● **Problem to solve**
Please return all lines in the listing holding the word "tennis".
-----
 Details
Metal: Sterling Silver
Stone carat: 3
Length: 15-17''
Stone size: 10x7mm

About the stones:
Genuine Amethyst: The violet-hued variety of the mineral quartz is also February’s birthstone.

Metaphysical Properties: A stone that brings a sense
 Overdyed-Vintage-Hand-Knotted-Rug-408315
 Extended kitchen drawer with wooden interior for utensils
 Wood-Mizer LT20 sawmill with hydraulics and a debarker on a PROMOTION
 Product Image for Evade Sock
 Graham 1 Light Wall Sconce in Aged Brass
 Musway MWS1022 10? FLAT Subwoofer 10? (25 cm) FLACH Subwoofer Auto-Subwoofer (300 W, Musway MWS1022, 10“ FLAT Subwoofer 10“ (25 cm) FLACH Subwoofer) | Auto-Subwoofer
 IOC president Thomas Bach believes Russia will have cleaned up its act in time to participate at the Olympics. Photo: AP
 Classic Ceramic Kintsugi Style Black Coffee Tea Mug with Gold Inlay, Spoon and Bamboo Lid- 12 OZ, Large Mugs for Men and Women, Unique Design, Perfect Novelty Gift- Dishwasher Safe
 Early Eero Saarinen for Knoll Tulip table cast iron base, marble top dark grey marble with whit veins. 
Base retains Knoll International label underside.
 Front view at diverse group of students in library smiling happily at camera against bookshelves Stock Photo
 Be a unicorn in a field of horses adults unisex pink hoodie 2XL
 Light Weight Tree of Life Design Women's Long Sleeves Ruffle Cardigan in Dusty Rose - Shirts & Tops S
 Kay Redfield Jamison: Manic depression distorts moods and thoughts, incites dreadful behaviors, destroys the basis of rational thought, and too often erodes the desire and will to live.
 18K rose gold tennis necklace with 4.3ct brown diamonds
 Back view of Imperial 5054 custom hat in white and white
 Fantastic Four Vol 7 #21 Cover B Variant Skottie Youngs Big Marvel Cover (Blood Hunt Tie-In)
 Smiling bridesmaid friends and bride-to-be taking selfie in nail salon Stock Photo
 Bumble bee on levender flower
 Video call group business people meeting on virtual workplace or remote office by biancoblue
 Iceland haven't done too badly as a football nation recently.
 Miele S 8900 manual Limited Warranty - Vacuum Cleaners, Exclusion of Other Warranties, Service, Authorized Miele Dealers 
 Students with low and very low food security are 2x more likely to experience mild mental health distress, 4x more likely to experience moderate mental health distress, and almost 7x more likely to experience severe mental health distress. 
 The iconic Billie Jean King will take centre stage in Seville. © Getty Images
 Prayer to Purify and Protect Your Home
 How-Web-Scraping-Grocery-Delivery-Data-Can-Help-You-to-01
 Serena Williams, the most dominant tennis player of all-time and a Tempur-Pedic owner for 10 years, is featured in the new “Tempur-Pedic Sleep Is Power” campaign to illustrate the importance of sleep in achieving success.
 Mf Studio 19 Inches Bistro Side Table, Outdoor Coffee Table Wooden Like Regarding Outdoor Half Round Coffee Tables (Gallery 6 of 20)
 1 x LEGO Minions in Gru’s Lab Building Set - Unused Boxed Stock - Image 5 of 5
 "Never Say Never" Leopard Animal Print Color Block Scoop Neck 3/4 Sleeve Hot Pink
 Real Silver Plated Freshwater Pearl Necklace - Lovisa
-----
● **Solution to this task**
 18K rose gold tennis necklace with 4.3ct brown diamonds
 Serena Williams, the most dominant tennis player of all-time and a Tempur-Pedic owner for 10 years, is featured in the new “Tempur-Pedic Sleep Is Power” campaign to illustrate the importance of sleep in achieving success.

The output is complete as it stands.